[Given data]
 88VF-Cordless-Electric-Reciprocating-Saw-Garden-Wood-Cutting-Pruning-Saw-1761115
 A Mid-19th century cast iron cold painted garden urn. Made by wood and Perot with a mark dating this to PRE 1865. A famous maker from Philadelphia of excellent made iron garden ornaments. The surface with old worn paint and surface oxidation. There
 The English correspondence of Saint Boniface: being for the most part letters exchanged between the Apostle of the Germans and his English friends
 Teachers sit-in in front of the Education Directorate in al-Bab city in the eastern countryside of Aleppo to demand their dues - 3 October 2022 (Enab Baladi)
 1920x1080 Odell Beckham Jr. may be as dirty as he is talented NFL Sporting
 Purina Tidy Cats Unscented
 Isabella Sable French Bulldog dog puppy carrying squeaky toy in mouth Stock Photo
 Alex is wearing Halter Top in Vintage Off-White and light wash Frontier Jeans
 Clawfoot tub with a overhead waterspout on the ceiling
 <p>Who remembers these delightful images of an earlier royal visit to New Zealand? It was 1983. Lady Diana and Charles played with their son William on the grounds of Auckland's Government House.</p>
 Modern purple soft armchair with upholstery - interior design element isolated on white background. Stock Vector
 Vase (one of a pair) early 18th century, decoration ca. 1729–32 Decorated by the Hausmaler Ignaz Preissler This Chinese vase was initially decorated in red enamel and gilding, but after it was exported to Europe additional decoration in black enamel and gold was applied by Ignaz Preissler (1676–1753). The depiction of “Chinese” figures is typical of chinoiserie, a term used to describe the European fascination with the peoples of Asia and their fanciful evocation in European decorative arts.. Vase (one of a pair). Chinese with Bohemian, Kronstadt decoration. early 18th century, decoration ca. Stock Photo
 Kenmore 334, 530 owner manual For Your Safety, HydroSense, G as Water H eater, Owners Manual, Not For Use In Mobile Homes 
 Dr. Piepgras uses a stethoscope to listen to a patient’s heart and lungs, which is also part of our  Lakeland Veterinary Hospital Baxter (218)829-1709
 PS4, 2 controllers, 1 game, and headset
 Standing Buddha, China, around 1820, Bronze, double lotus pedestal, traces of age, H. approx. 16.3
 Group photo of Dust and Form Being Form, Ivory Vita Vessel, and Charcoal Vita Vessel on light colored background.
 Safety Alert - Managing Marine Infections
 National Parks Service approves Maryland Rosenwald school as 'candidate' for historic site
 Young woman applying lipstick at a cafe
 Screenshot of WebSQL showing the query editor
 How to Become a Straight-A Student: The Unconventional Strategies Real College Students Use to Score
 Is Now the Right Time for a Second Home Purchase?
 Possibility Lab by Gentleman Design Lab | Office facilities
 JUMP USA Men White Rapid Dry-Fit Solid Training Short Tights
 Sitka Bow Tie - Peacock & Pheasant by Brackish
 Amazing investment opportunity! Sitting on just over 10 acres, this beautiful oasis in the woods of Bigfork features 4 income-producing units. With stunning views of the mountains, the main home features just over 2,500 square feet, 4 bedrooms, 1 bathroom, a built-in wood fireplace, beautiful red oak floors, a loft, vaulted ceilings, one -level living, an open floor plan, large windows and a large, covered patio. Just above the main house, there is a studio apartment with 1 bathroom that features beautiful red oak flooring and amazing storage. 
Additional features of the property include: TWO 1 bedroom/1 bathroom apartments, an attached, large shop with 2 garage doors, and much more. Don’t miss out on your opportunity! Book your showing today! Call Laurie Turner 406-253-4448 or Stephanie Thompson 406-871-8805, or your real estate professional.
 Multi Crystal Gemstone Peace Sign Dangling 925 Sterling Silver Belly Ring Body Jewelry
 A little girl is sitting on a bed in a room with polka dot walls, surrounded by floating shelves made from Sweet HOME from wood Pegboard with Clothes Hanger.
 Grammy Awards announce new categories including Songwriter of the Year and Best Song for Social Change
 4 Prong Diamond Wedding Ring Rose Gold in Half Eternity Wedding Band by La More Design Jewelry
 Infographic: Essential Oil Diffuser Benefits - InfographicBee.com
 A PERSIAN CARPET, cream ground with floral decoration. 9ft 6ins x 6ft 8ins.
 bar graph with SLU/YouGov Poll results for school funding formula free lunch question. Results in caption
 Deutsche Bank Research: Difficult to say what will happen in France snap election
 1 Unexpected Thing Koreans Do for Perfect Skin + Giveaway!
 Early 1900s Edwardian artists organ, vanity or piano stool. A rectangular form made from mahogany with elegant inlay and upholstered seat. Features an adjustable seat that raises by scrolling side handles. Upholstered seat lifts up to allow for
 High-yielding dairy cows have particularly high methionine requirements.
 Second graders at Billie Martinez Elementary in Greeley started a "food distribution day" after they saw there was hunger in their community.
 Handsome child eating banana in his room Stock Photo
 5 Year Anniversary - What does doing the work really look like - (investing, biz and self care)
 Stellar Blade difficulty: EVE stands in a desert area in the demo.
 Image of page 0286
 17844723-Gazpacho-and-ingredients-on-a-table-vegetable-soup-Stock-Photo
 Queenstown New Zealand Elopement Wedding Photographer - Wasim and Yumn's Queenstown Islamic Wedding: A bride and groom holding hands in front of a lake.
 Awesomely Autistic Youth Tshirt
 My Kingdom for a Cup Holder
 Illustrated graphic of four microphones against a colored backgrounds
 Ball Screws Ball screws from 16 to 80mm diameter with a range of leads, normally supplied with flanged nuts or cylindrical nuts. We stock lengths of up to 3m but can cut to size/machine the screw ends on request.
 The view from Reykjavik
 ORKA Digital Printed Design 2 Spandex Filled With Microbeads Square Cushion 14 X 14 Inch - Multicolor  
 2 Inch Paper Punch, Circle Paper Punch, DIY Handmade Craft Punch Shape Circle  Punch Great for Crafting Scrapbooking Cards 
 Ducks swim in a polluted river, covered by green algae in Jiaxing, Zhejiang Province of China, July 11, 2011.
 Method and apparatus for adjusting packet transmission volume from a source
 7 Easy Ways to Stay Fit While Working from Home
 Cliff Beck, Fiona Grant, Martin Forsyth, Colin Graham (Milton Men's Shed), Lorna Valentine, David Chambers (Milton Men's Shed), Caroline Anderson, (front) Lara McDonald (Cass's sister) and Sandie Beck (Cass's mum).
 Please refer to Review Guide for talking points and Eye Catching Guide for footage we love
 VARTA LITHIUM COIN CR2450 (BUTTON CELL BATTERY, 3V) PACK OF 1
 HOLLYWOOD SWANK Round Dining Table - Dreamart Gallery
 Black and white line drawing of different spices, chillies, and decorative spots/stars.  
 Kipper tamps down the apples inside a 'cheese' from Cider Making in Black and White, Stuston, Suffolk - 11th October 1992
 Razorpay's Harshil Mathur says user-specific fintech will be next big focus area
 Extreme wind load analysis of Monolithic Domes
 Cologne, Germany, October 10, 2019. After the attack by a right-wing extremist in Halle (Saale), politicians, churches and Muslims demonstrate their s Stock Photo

[What you are asked to do]
State how many lines of the entries above include the word "Wedding", offering no text other than the number.

[Finished exercise]
2